Alas, 1970 was also the first year of “I Wish Things Were As Good As They Were in the Sixties”. After all, we were aware of “the sixties” as a concept even during the sixties themselves. So, along comes 1970, and what could possibly send you the message that the sixties were not only literally over, but also symbolically over than the news that the Beatles broke up?
The only thing that made the summer of 1970 bearable was the Woodstock Soundtrack. But everyone wondered what was next, and had the troubling feeling it couldn’t possibly be as good. Except for the Led Zeppelin fans, who already thought they were better than the Beatles. )I swear. Ask my childhood friends Joe and Mike.)
The trouble was if you just assumed things were going to be bad you were bound to miss a lot. And a problem with the sixties was that you could point to five or ten key artists who made 75% of the great records. With the seventies, the quality was more evenly spread, which made it harder to find, let alone agree on.
So it was no wonder we started breaking up into our little groups of taste like glam, Southern rock, singer-songwriter, heavy metal, etc. And black artists? Forget about it. They were exiled to AM radio.
And yet, there are probably a lot more great albums made in the seventies than the sixties, at least if you leave out jazz. Let’s face it, good pop albums didn’t really start getting made until 1964, and then only by the Beatles, Stones and Dylan. Everyone else didn’t get into the swing of things until about 1966, which may be my all time favorite year for music (67-69 wasn’t too shabby, either, as I recall).
By 1974, I knew there were great things out there because by then I had a job, and spent all the money on collecting albums. First, there were the key sixties albums I needed to catch up with, like Blonde on Blonde but mostly it was seventies music. I was no longer looking for the “next Beatles”. I was just looking for good music wherever I could find it.
And now, when I’m feeling I’m not connecting with new music, I can always go back to the sixties and seventies for some relief. The sixties for brilliant meteors scraping the summer sky and the seventies for bright and cool autumn sunshine.
And it’s been working out pretty well, with the Kinks, Fairport Convention and Roxy Music. I had some making up to do since it was the British stuff I tended to miss at the time. But, hey, why not an American artist?
Leon Russell (1970)
You remember Leon, don’t you?
Friends with Joe Cocker, highlight of the Bangla Desh concert, co-writer of “Superstar”, member/leader of Mad Dogs and Englishmen, which overlapped with the Delaney/Bonnie/Clapton nexus that together made about a dozen albums together at the time, including this one.
He was also up to his ass in sixties studio work and the maker of many hit singles in the seventies.

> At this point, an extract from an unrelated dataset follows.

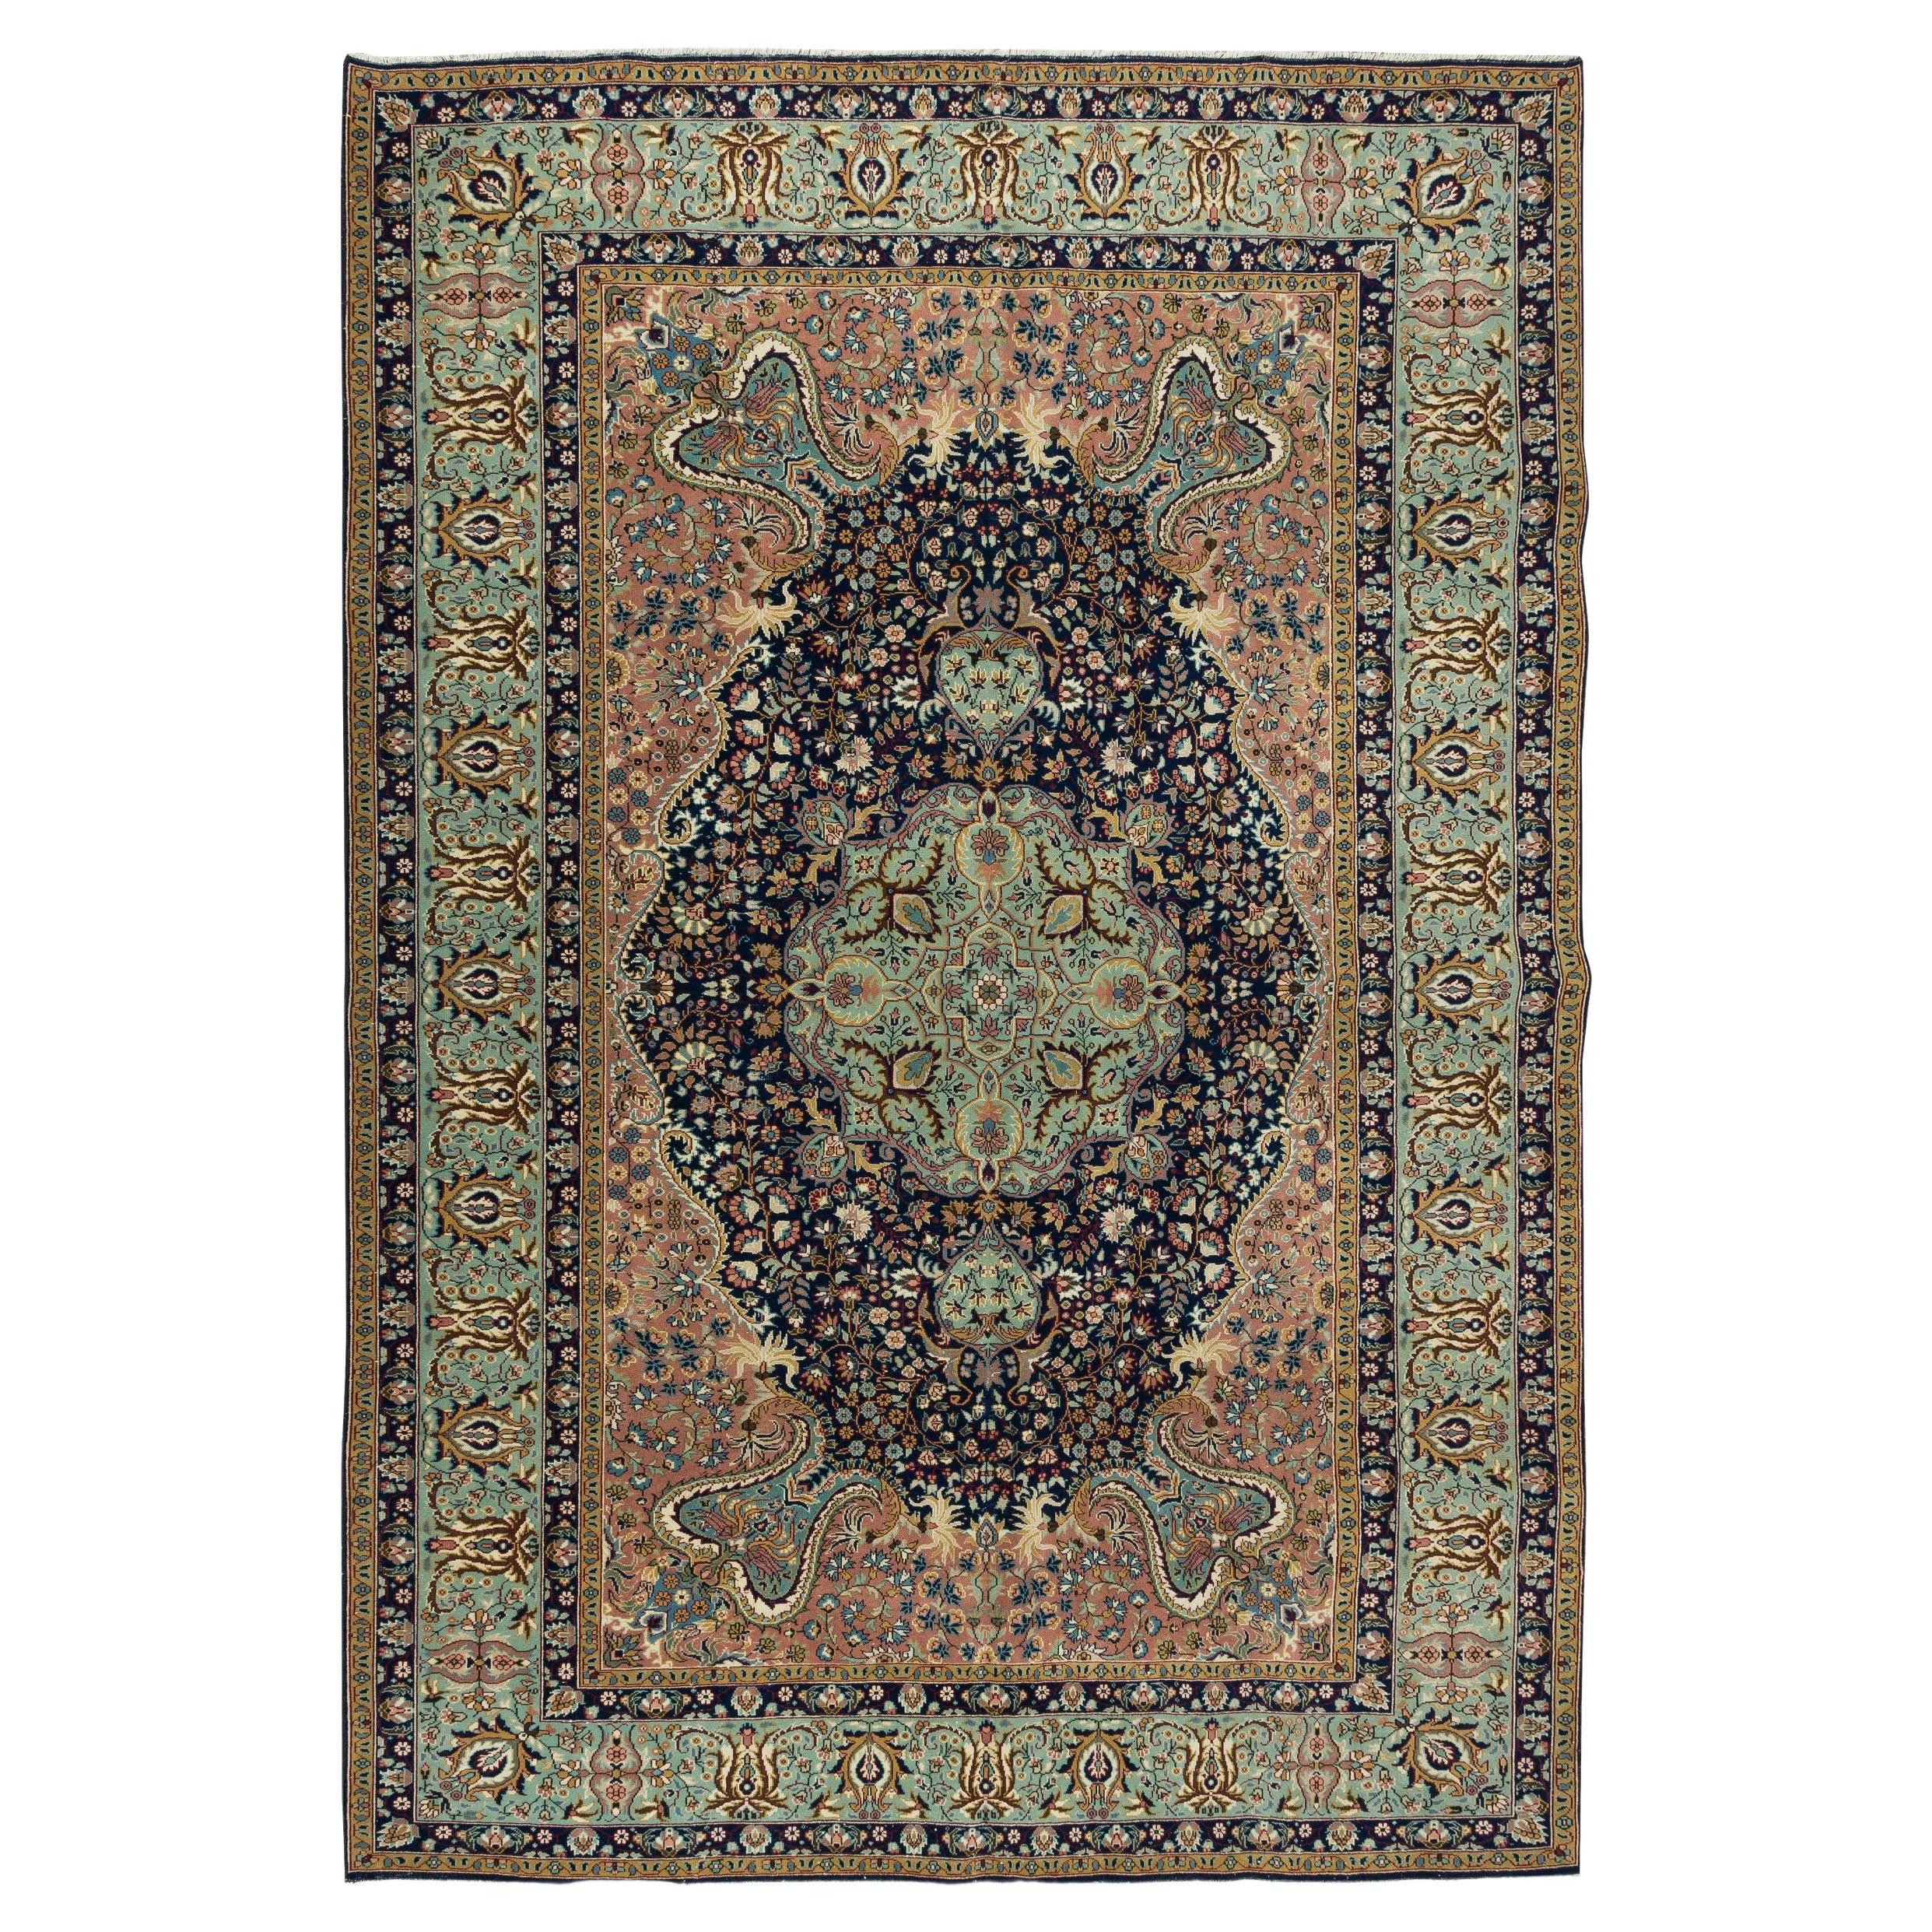 6.9x10.4 Ft Traditioneller handgefertigter türkischer Vintage-Teppich mit Medaillon-Design

And a great piano player. Elton John was/is a huge fan.
Leon’s got that grating voice and extreme Southern drawl. We all liked it then, but I like it somewhat less now. Ahh, another great thing about the early seventies was that you could get away with a lot. Now as I get closer to my early seventies, not so much.
This is not even his first record, but it’s his first record where he’s billed as the solo artist.
And it boasts some great tunes. “Delta Lady” (almost as good as the punchier Joe Cocker version), “Humming Bird” (one of my favorites) , “A Song for You” (covered by everybody), “Roll Away the Stone” (quite humorous).
I just wish it boasted more. If it did, I’d rank it amongst the greatest albums of the seventies. Alas. no. Leon could write some great ones but maybe not enough for one full album at any given time.
And the key, with revisiting early seventies albums is getting beyond the better-known cuts and seeing how the rest of the record holds up. And in this Leon is hit or miss. And it’s not that these other songs aren’t good. They’re well executed, but just don’t rise above a generic seventies sound. Except for that organ on “Hummingbird”, which sounds great.
The playing is real tight. And why not? He’s got half the Stones, half the Beatles, and an assortment of rock n roll all-stars helping him out.
But unlike, say, Lola, which boasts several excellent songs I hadn’t heard before, there’s nothing here like that.
So while he probably deserved an A- at the time of release, the years have taken their toll on it.
My recommendation? Look for one of the extensive compilations and catch all of his highlights. If that isn’t enough for you, then come back to this one.
Mind you, I'm not disappointed. "Less than great" comes with the territory. And "pretty damned good" is all over the place.